I think it was up to the station yes, but they cannot do it without a green card from the government, and ofcourse all stations would love to stop serving Octane 90 for the more expensive grades. There was a memo that was sent from EGPC to gas stations to proceed in that direction --incidently, on the same day Nazif was quoted that gas prices are not going up.

Re Airtraffic controllers, AlAhram piece says that not a single demand was met, and mentions routine bonuses which are not a result of the strike. The CNN piece you point to says otherwise. Dunno.

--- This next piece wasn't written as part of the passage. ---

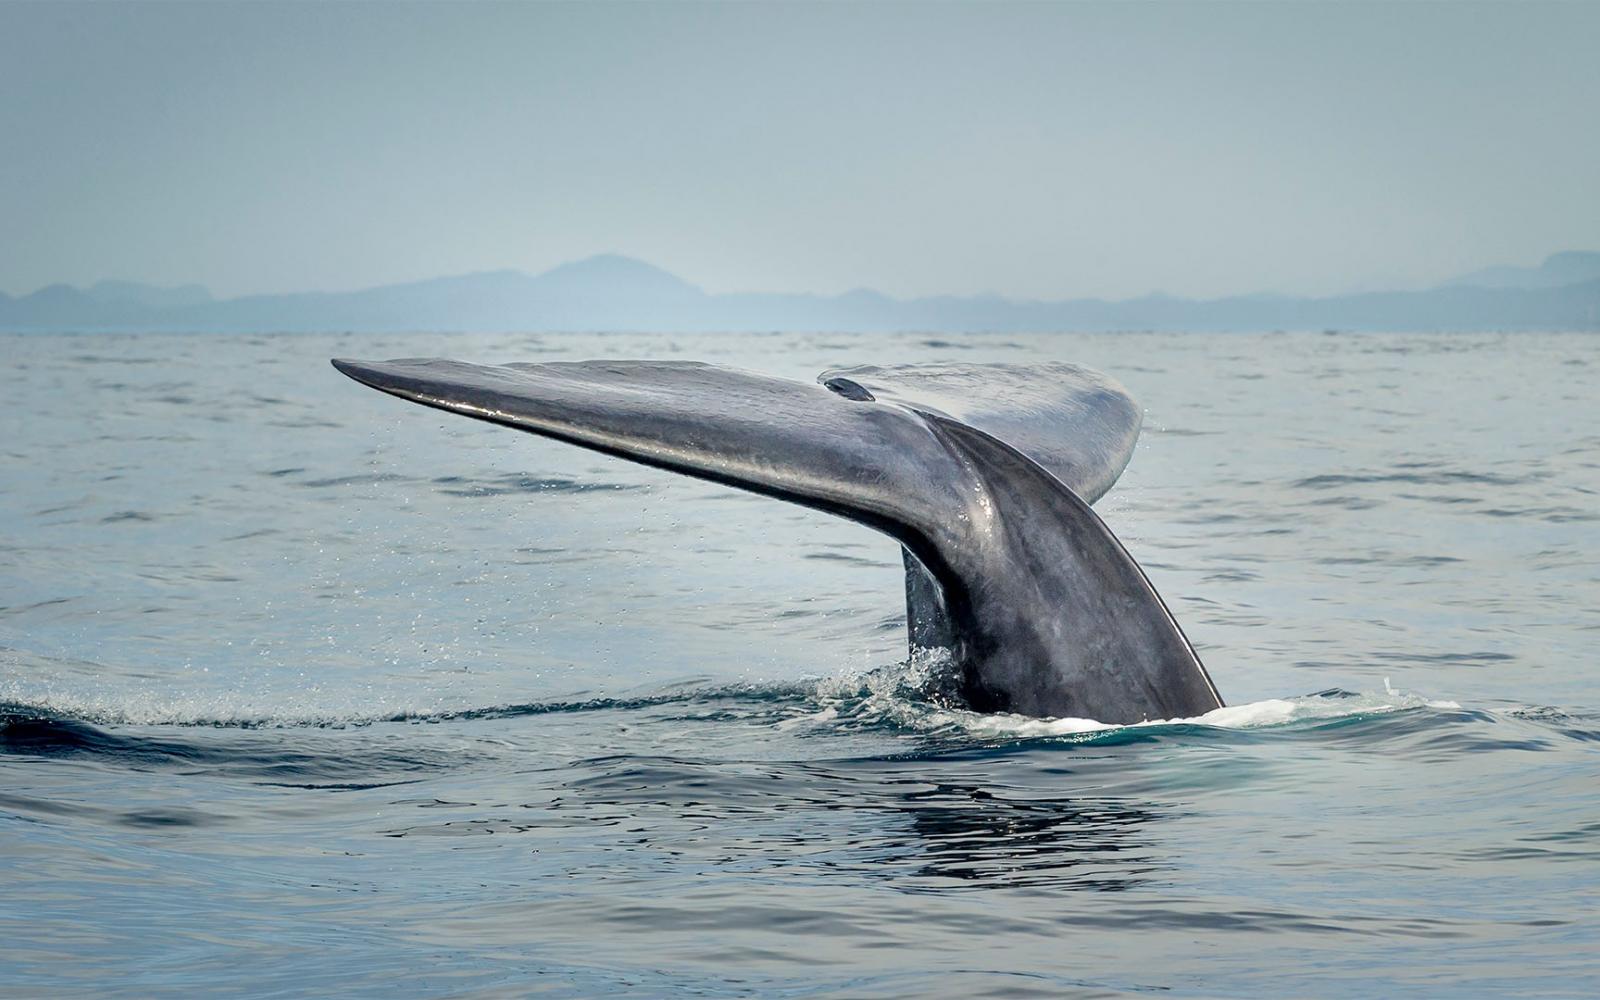 Une baleine bleue (Balaenoptera musculus) plonge dans l'eau. On ne voit que sa queue.

What's interesting to me in this whole thing is not who's right or wrong, but how the government is dealing and interacting with the people, and how the people are responding --which the people are indeed responding in their own unique ways. There are apparently no channels of communication (lack of democracy that is). In the case of gas, its not just a matter of market demand, its a matter of government policies that affect the people's daily lives and how those policies are implemented. In the case of Air Traffic controllers, its how the government is dealing with the whole situation, and how the people (Controllers) are reacting in a potentially disasterous way. AlAhram quotes the Aviation Minister saying "You are traitors and should be executed. I am willing to do it, but via legal channels". I find such a quote repulsive.

DNA said...

I'll try to find any source on the EGPC - thanks for that.

As for the gas stations - my experiences were the opposite, but nevermind. I think we agree on the principle that the gov went about this through all the wrong ways.

You're right - it's interesting watching how people react, especially with situations becoming so volatile.